Harisa Shahid: Exactly. And with that, we are coming to the end. of our session concluding the points we have highlighted that the skill building is very important and for the skill building collaboration exactly the main point which every speaker has highlighted here that the collaboration between all the stakeholders is the crucial part to enhance the AI and cybersecurity to raise awareness about the use of AI because right now AI is not being much used for the protection of our critical infrastructure so the awareness is very important so thank you so much for all to all of our speakers for joining us today and now we are moving towards the Q&A session so I would like the audience to if you have any questions please feel free to ask

Muhamad Umair Ali: just to chip in here followed by the on-site audience we also have a question from the online audience so I think we can proceed with the on-site audience first and followed by that I can ask the question that is in the chat box from the online audience

Harisa Shahid: yeah sure so we have one question here

Audience: hello everyone my name is Fernando I am part of Brazilian youth delegation and I work in a network provider so I’m part of the technical sector one thing that was presented as a problem was the lack of professionals in the cybersecurity AI but another problem that I see is even with a long and continual cybersecurity training most of the professionals eventually go to another country to work so basically my question is how to retain these talents in their country to continue their work

Harisa Shahid: Yeah, that’s a very important question. So anyone from the panel would like to ask? Oh, sorry, would like to answer?

Hafiz Muhammad Farooq: Yeah, I would just want to add a comment on the first of all, Fernando, great question. I mean, you know, the world is getting global. I mean, the the people that are moving around is very difficult to retain a talent. Companies are looking for talents. If you’re sitting in Brazil, and the company needs you some other part of the world, they will they will hook you from there. So this challenge is there. But I think instead of retaining the talent locally, the the challenge is to produce the talent. So because most of these systems, as I told you before, their legacy, I mean, I’m not saying that we are not professional, we are professional, but the systems are so old, that there are not enough documentation available, there is not much stuff available where you can simulate where you can train yourself to see how the system is going to operate. So I think instead of localizing localization of resources, we should concentrate more on the training aspect. And maybe the old legacy vendors, I mean, they should start maybe redoing the documentation. I mean, so actually, the my point is that the knowledge base should be increased instead of trying to localize the resource at a different location. Thank you.

Harisa Shahid: Thank you, Mr. Farouk. Does this answer your question? Okay, perfect. So any more questions we have?

Muhamad Umair Ali: I do have one from the

Harisa Shahid: We have one from the on-site participant.

Muhamad Umair Ali: I’m sorry, on-site or online?
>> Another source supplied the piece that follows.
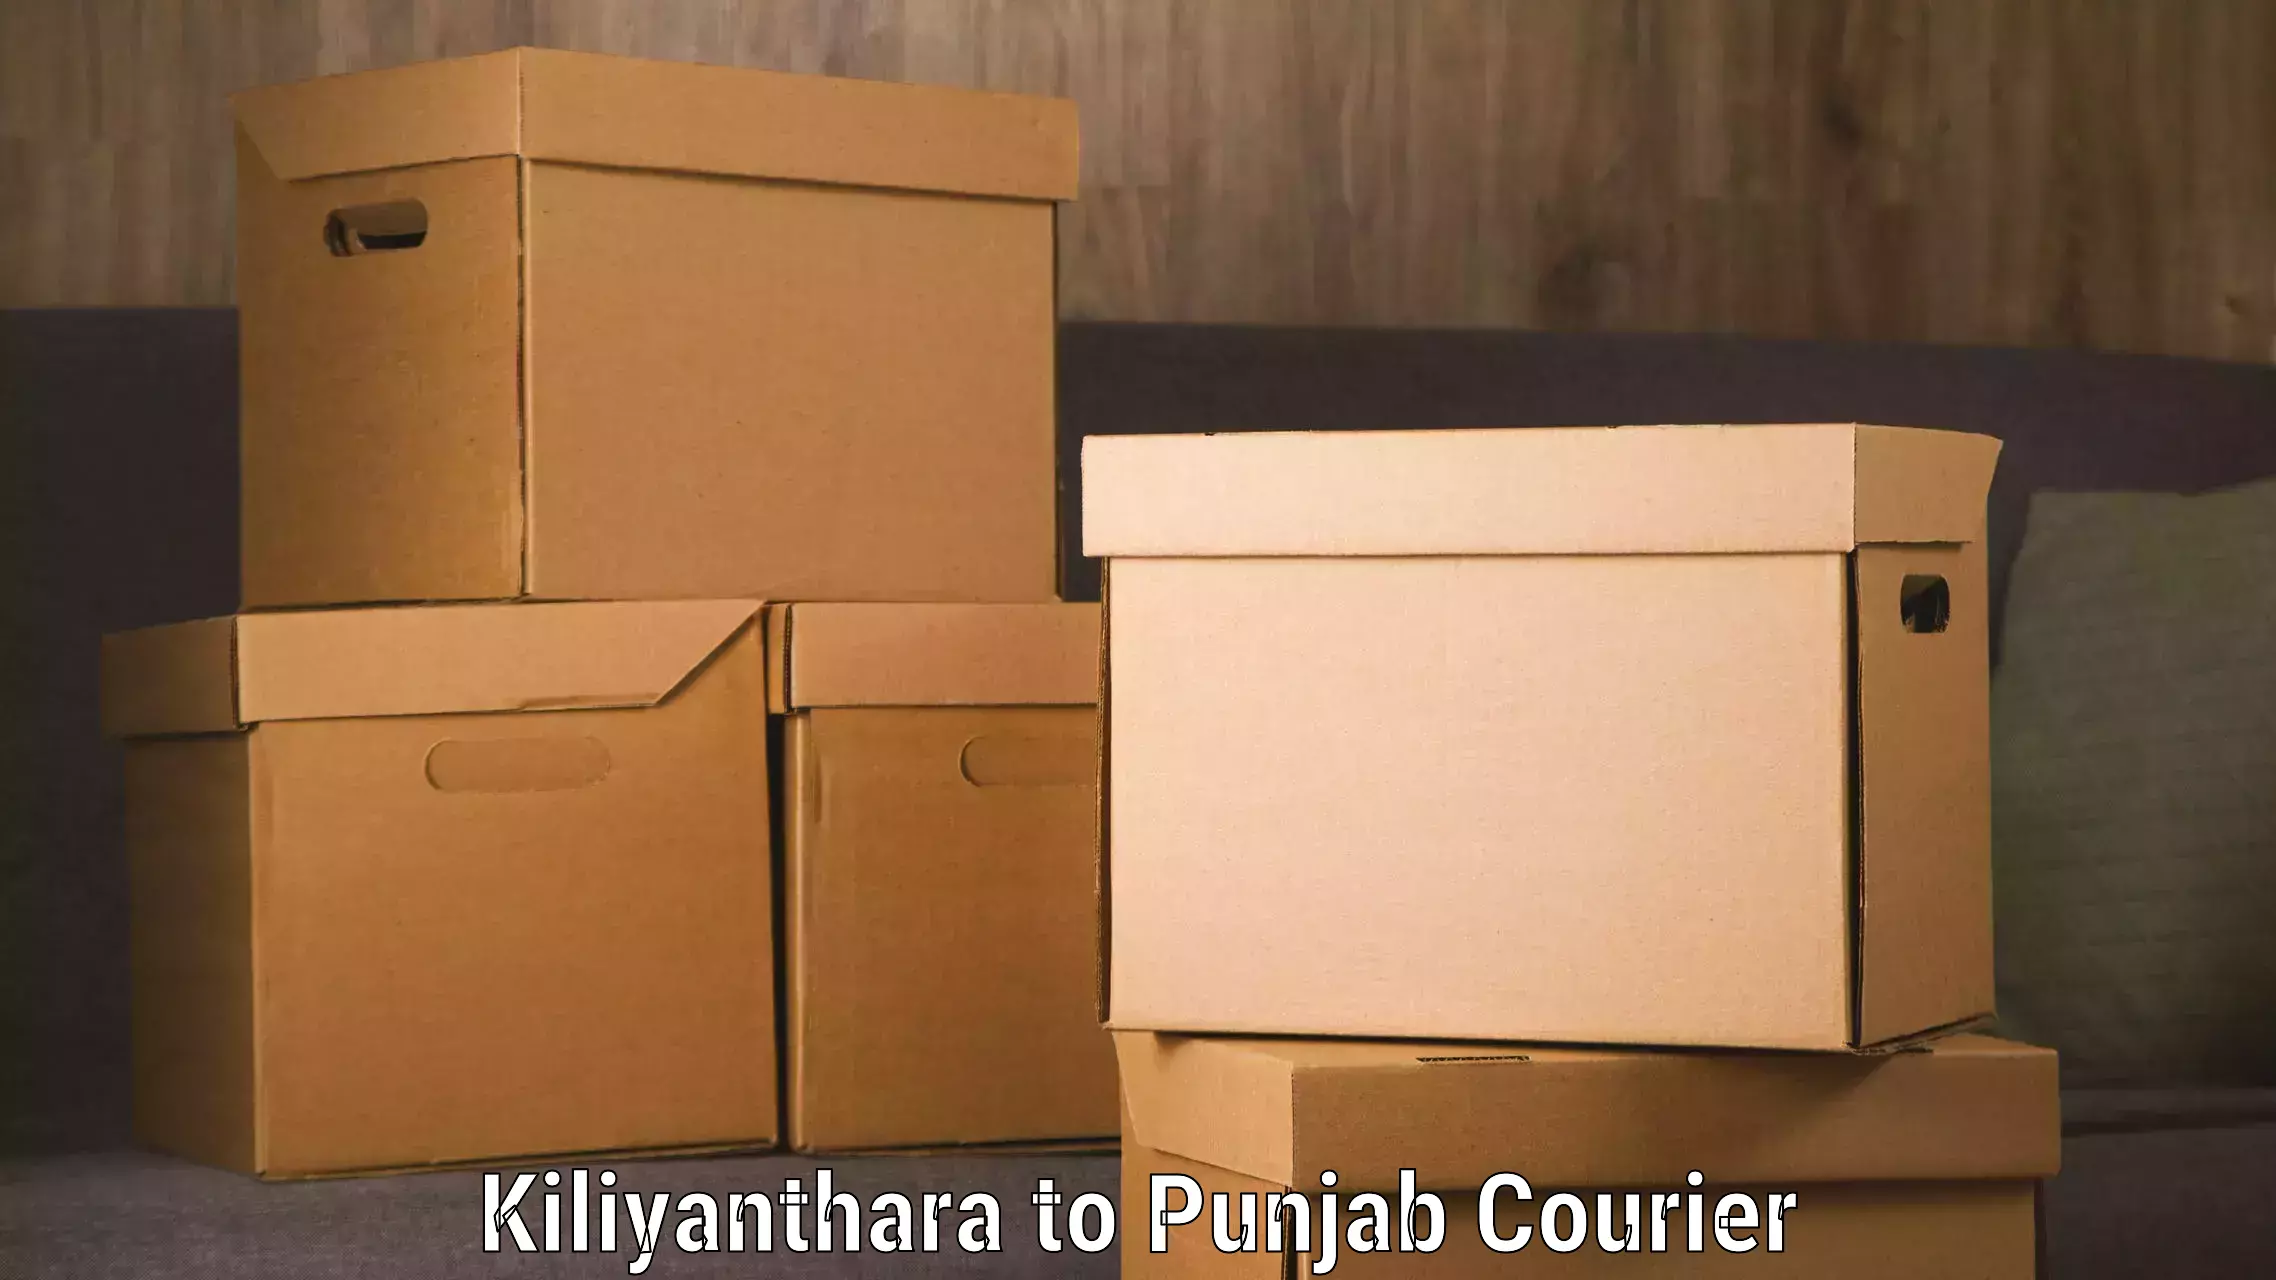 Courier service efficiency Kiliyanthara to Punjab
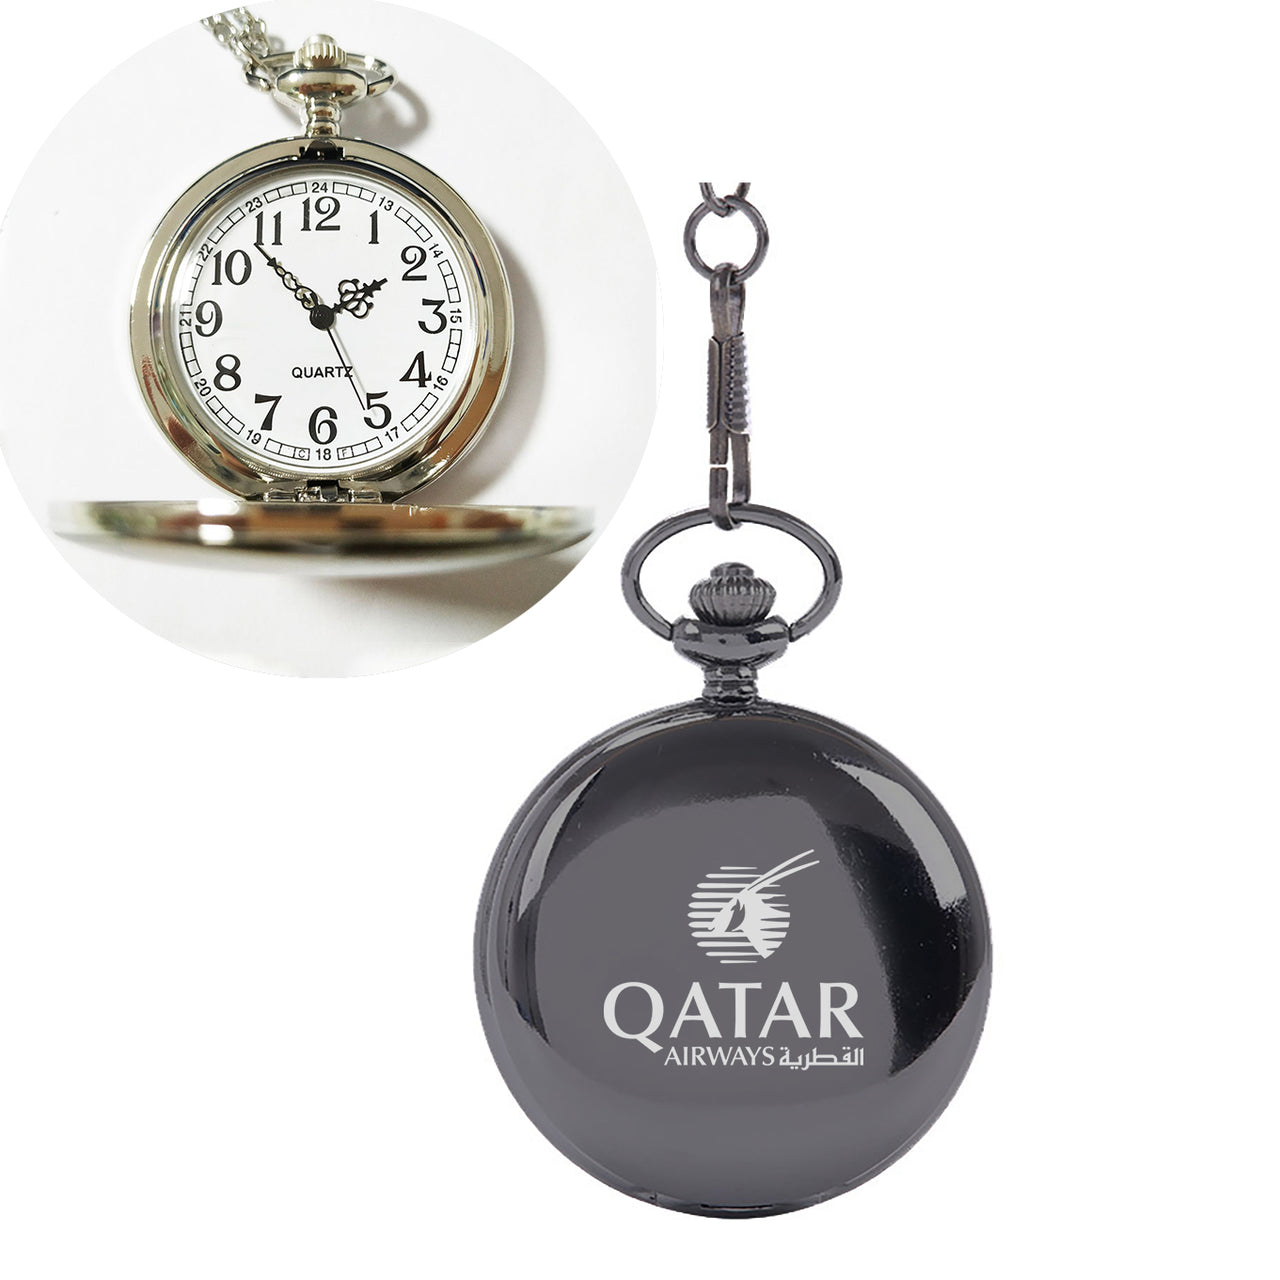 Qatar Airways Airlines Designed Pocket Watches

Audience: My name is Thuy. I’m from .vn directory. We are from technical community. Then I have a question that we are talking about promoting using AI to protect our critical infrastructures. So I have a question that what infrastructure do you think will be in scope? of the critical infrastructure. Thank you.

Harisa Shahid: So your question is, basically, what infrastructure do we think is the critical infrastructure, right?

Audience: Yeah. My question for the panelists is that, what can you name some infrastructure that will be in the scope of critical infrastructure that should be protected by AI promotion here? Thank you.

Harisa Shahid: Thank you so much. So anyone from the panel would like to answer the question?

Daniel Lohrman: I can start. Certainly, from the US perspective, we have dedicated sectors that we’ve listed. There’s, depending on which people you talk to, 16 or 17 sectors. So everything from all utilities, water, power, but to finance, certainly banks, insurance companies, et cetera, government sectors. So that’s state, local, federal levels, all different levels of government. But then you can start talking about transportation. So clearly, airlines, trains. I mean, so really, all of the core physical infrastructure in society, and it’s actually a website that you can go to and just type in critical infrastructure, certainly USA. But in North America, there’s a very defined list and what’s covered and what’s not covered in the critical infrastructure.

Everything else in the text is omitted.